A host of county, city and state officials asked citizens to stay calm at a press conference this afternoon, stating that while steps are being taken to relieve the gas shortage, supplies would be spotty for at least another week, though more fuel is coming into the region. Mayor Terry Bellamy also criticized the state government for slow action, while state Rep. Charles Thomas said large oil companies “are begging us to regulate them.”
“We realize right now that a lot of our citizens are struggling, our businesses are struggling,” Buncombe County Board of Commissioners Chair Nathan Ramsey said, adding that the county is closing offices on Friday and Monday. “The county is not suggesting anyone panic. The county is taking these measures to calm panic by making more fuel available to our community.”
He asked people not “to call 911 to locate fuel — you can do that by calling 211 or using the county Web site.”
“Fuel supplies will remain spotty at best and we’ll likely see more disruptions over the next week,” Deputy Fire Marshal Mack Salley said.
Colonial Pipeline spokesperson Steve Baker told Xpress today that as of this morning, 19 refineries were still operating at reduced capacity or shut down altogether, while 13 were back at full production.
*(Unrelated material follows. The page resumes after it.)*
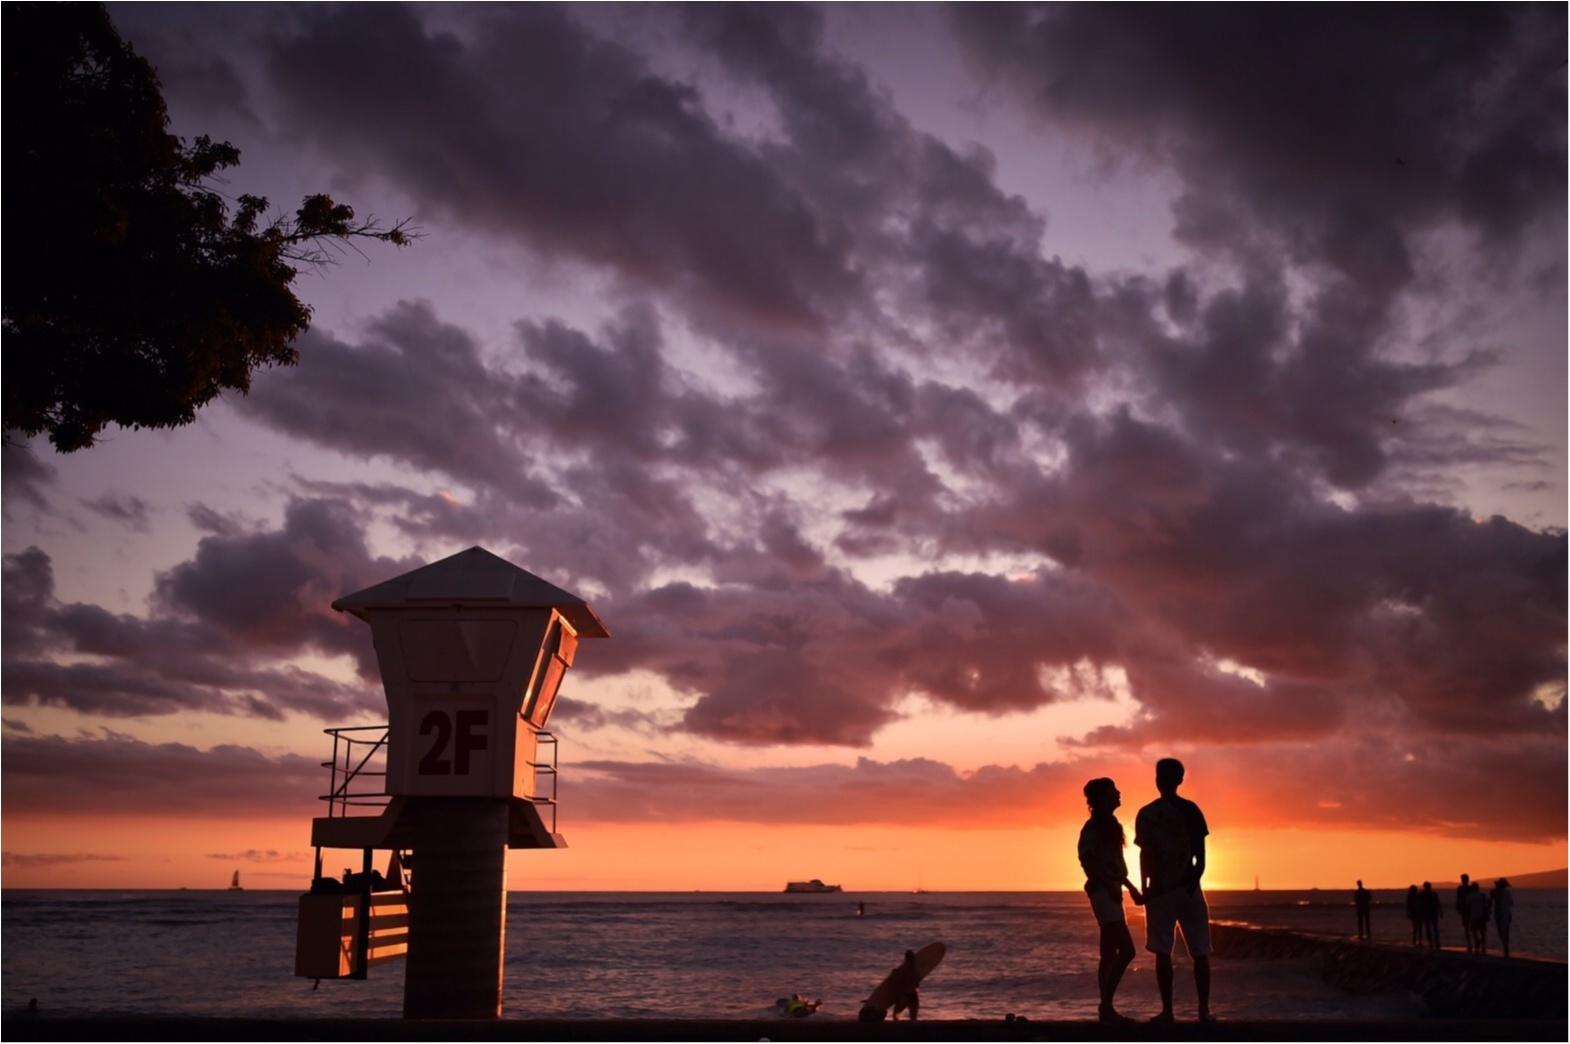 【プレ花嫁さん必見】ハワイでウェディングフォト撮影-SNS映えもバッチリのサンセットおすすめスポット編-_9
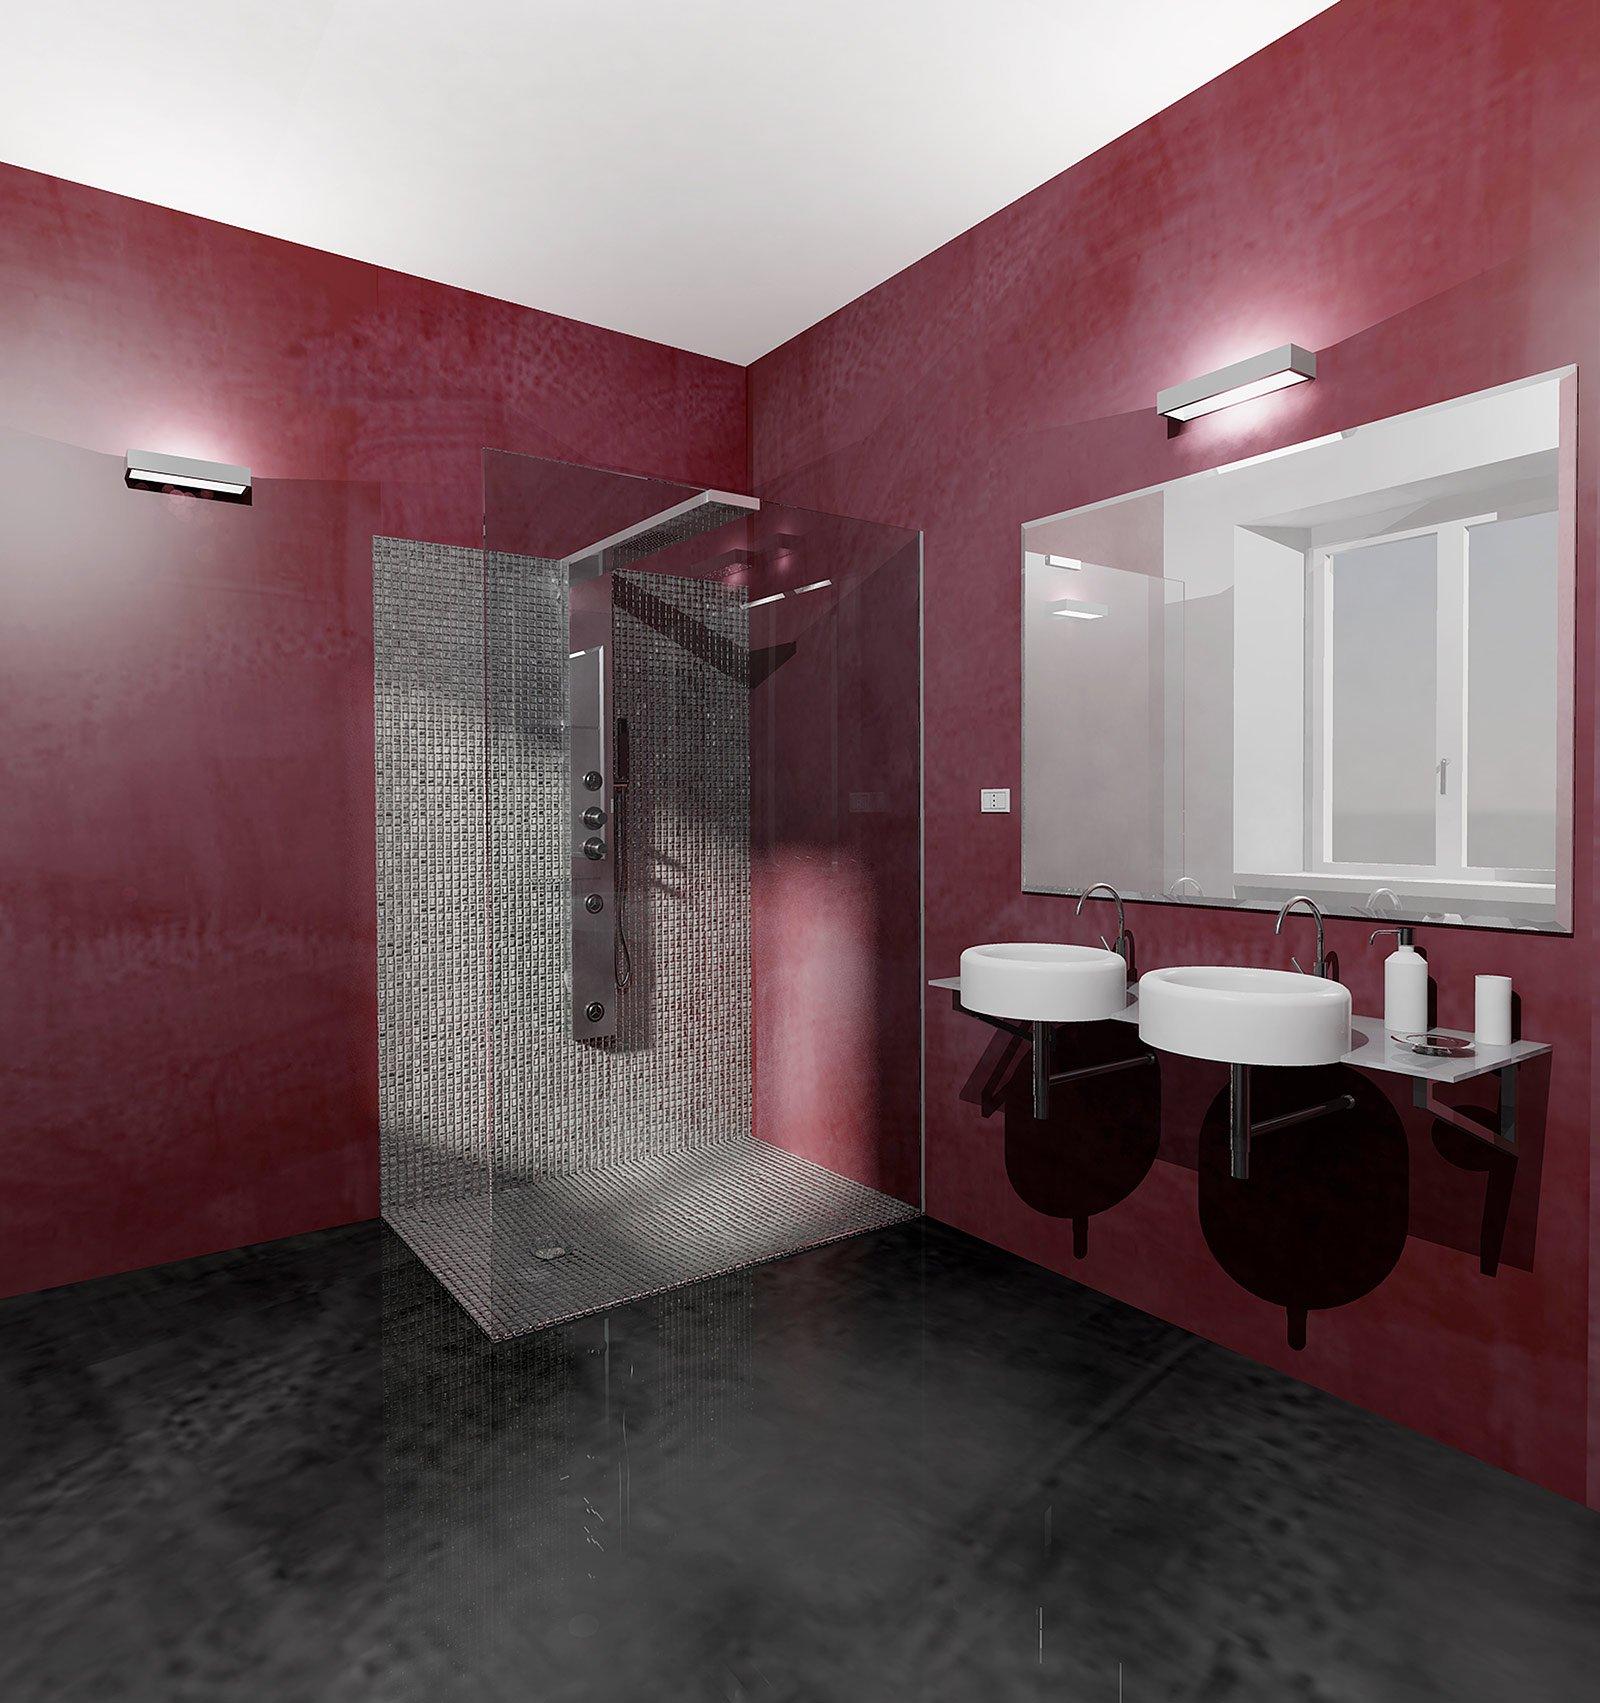 Scegliere i rivestimenti per pareti e pavimenti cose di casa for Pittura per pavimenti

Salley noted “as a piece of good news” that a gas shipment to the Spartanburg, S.C., distribution center is expected tomorrow.
Vice Chair David Gantt sounded a similar note to Ramsey. “This is an emergency, this is a really bad situation, we just don’t need to panic about it,” he said. “Supplies will get back to normal. We’re going to get through this, we’re going to be fine.”
Sheriff Van Duncan asked that gas-station owners not call his office unless the traffic stops completely or a fight begins, and said that panic has been making the shortages worse.
“A lot of this problem seems to be driven by people panicking and driving around from station to station looking to top off their tanks,” he said. “Fuel supplies that last two to three days are lasting a matter of hours because people are in that panic mode.”
Emergency services are continuing to operate and have enough gas for five days in the county and 11 in the city. But both expect new supplies within two days.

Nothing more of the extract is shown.